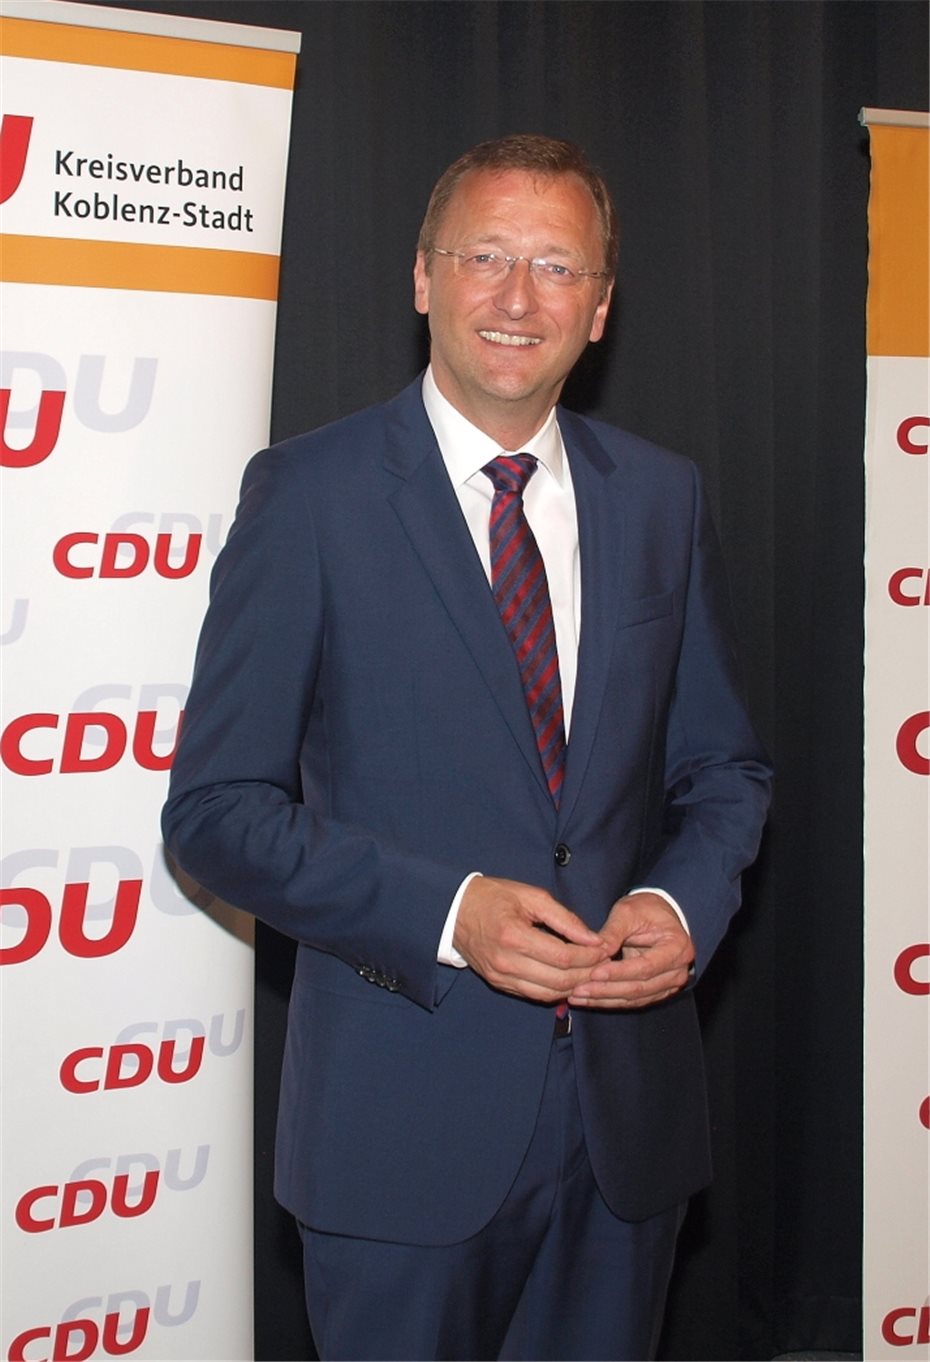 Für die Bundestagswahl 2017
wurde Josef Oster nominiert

==

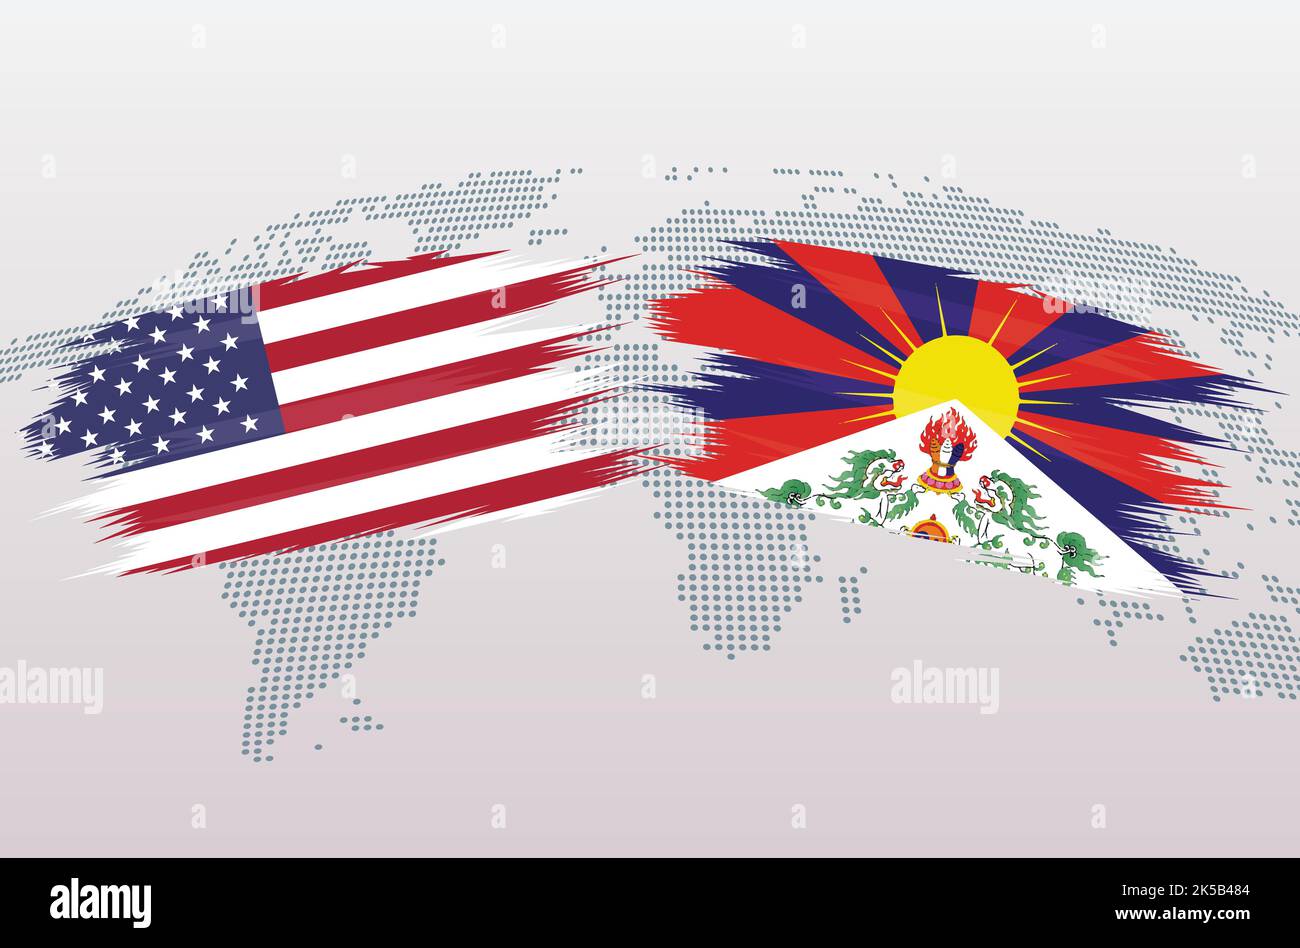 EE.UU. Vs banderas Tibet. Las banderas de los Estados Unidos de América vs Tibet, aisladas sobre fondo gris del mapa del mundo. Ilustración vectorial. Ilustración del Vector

--

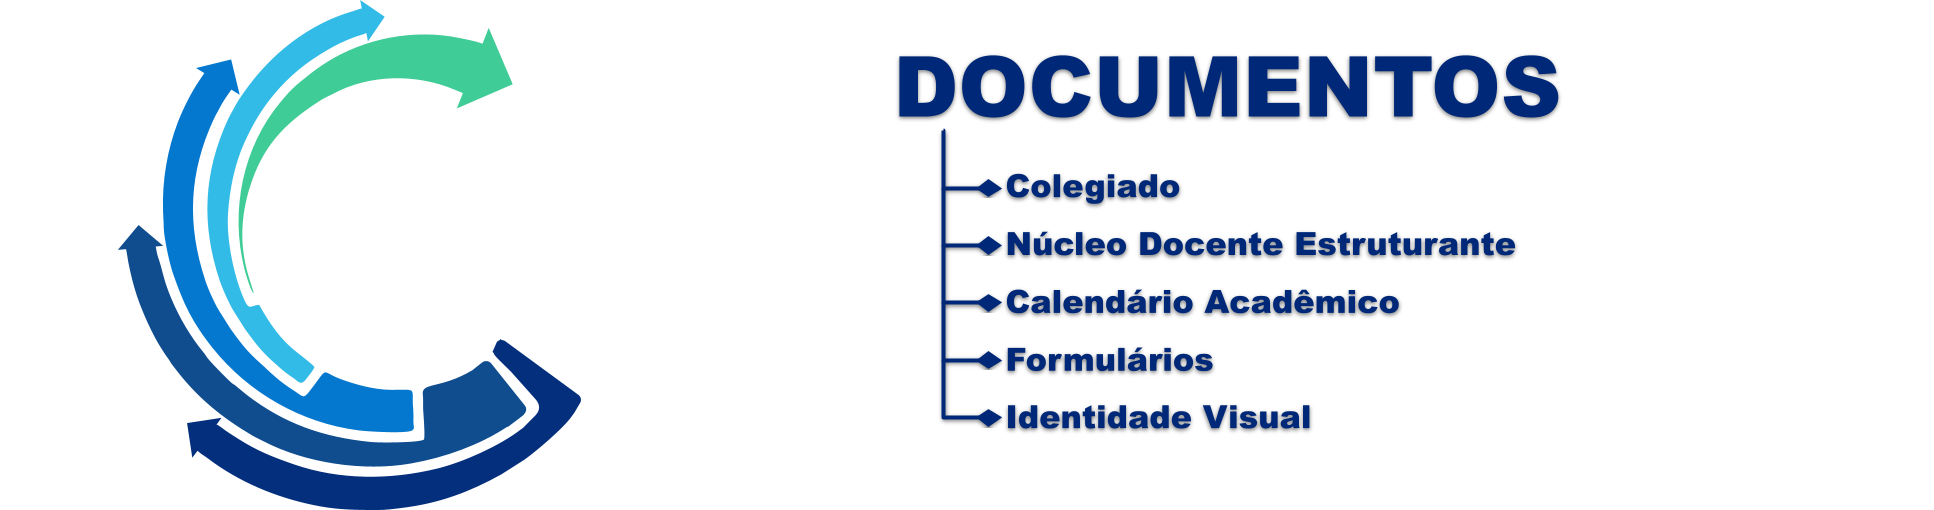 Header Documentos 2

■ TASK TO COMPLETE
Treat the line with "Für die Bundestagswahl 2017" as the start and the line with "wurde Josef Oster nominiert" as the end, and return exactly that span of the data above, both ends included, without pictures.

■ EXERCISE SOLUTION
 Für die Bundestagswahl 2017
wurde Josef Oster nominiert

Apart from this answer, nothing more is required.